Regionalbudget für Kleinprojekte

Mit der Einführung des Regionalbudgets wird ab 2019 ein neuer Fördertopf zur Unterstützung von Kleinprojekten (mit Gesamtkosten unter 20.000 €) geschaffen. Hierfür stellt der Bund und das Land Baden-Württemberg im Rahmen der Gemeinschaftsaufgabe zur Verbesserung der Agrarstruktur und des Küstenschutzes (GAK) jährlich jeder Lokalen Aktionsgruppe (LAG) 180.000 € zur Verfügung. Mit dem Eigenanteil der LAGen erhöht sich das Budget auf 200.000 €, welches auf unbürokratischem Wege den Projektträgern zugutekommen sollen. Die Entscheidung über eine Förderung liegt ausschließlich bei den LEADER-Aktionsgruppen. Gefördert wird dabei mit einem Fördersatz von 80 %! Anders als bei der konventionellen LEADER-Förderung erhalten die Projektträger ihre Fördergelder direkt von der Lokalen Aktionsgruppe ihrer Region.

18.11.2019

Bundesweites LEADER-Treffen 2019

Am 12. und am 13. November 2019 trafen sich LEADER-Akteure aller Bundesländer in Merseburg (Sachsen-Anhalt), um sich über Neuigkeiten zu informieren und auszutauschen. Das diesjährige bundesweite LEADER-Treffen stand im Zeichen der Methodik von Planspielen. Die Teilnehmer bekamen die Möglichkeit, unterschiedliche Planspiele auszuprobieren, die sie auch in ihren Regionen bei Entwicklungs- oder Planungsprozessen einsetzen können. Im Hinblick auf das Ende der Förderperiode war die Zukunft von LEADER ein zentrales Thema. Hierbei wurden erste Überlegungen und Maßnahmen diskutiert. In Anwesenheit der Bundeskulturstiftung bekamen die Teilnehmer auch einen Einblick in das baden-württembergische LEADER-Modellvorhaben TRAFO, das in Kooperation mit der Bundeskulturstiftung durchgeführt wird.
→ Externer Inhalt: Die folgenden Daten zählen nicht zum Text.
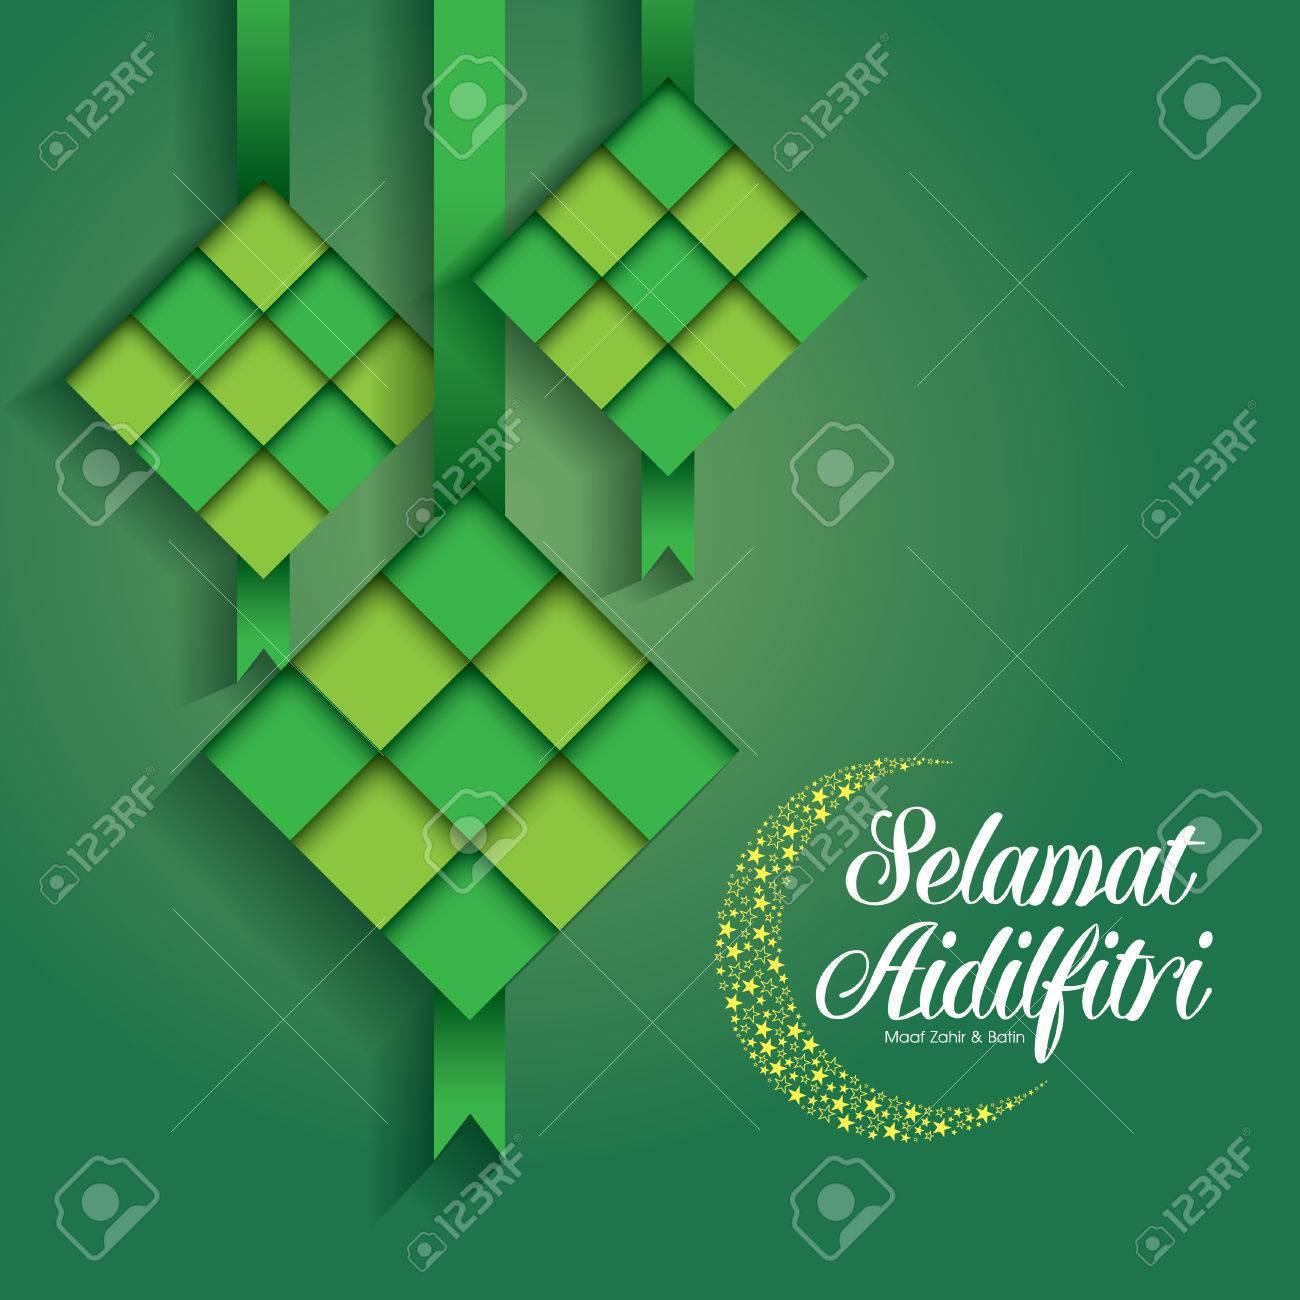 Selamat Hari Raya Aidilfitri vector illustration with traditional malay ketupat. Caption: Fasting Day of Celebration - 80112886

Abgerundet wurde die Veranstaltung durch Exkursionen in LEADER-Gebiete der Region.

25.07.2019

10. LEADER-Koordinierungssitzung der Förderperiode 2014-2020

Am 15.07.2019 fand die 10. LEADER-Koordinierungssitzung der Förderperiode 2014-2020 auf Einladung des Ministeriums für Ländlichen Raum und Verbraucherschutz in Stuttgart statt. Die Teilnehmer erhielten zunächst einen Einblick über das Konzept der Bio-Musterregionen in Baden Württemberg. Die Bio-Musterregionen in Baden-Württemberg sollen das Bewusstsein für ökologischen Landbau und für regionale Bio-Lebensmittel stärken, Kooperationen anregen und Impulse für mehr Bio in und aus Baden-Württemberg setzen. Da sich einzelne Bio-Musterregionen mit LEADER-Aktionsgebieten überschneiden und zudem auch inhaltliche Schnittmengen mit den Regionalen Entwicklungskonzepten bestehen, wurde von Vertretern des Ministeriums ein Erfahrungsaustausch und ggf. eine Kooperation auf regionaler Ebene zwischen den LAGen und den Bio-Musterregionen angeregt. Weiterhin konnten bei dem Austausch wichtige Fragen der Regionalmanager bezüglich der angestrebten Maßnahmen zum Ende der Förderperiode diskutiert werden, die dem allgemeinen Interesse eines vollständigen Mittelabflusses dienen. Ein weiterer wichtiger Tagesordnungspunkt war die Einführung eines GAK-Regionalbudgets für alle LEADER-Aktionsgruppen im Land.

12.06.2019

LEADER Vorsitzenden-Gespräch

Am 12. Juni 2019 trafen sich die Vorsitzenden der LEADER-Aktionsgruppen in Begleitung ihrer Regionalmanager/-innen mit den Programmverantwortlichen des Landes Baden-Württemberg in Stuttgart, um sich über förderrechtliche Fragen zur aktuellen Förderperiode auszutauschen und über die Ausrichtung der neuen Förderperiode 2021-2027 zu diskutieren. „Baden-Württemberg bekennt sich zum LEADER-Ansatz und wird auch in der neuen Förderperiode LEADER anbieten“, sagte der Sitzungsleiter, Herr Ministerialdirigent Jürgen Maier. Dies wurde von allen Anwesenden sehr begrüßt.
 
Das Ministerium für Ländlichen Raum und Verbraucherschutz (MLR) berichtete bei diesem Treffen auch über die neue Fördermöglichkeit des GAK-Regionalbudget. Durch das Regionalbudget stehen den Lokalen Aktionsgruppen für Kleinprojekte künftig weitere 200.000 Euro/Jahr aus Bundes- und Landesmitteln zur Verfügung.

04.06.2019

Begleitausschusssitzung des MEPL III in Heilbronn

Der Begleitausschuss des Maßnahmen- und Entwicklungsplans Ländlicher Raum Baden-Württemberg 2014-2020 (MEPL III) kam zu seiner turnusmäßigen Sitzung am 4. Juni 2019 in Heilbronn zusammen.
Die Mitglieder des Ausschusses setzten sich unter anderem mit der Umsetzung der LEADER-Förderung in Baden-Württemberg auseinander. Die ebenfalls anwesenden Vertreter der Europäischen Kommission referierten zudem über die neuere Entwicklung auf europäischer Ebene bei der Vorbereitung auf die neue Förderperiode des Europäischen Landwirtschaftsfonds für die Entwicklung des ländlichen Raums (ELER) und dem darin enthaltenen Programm LEADER 2021-2027.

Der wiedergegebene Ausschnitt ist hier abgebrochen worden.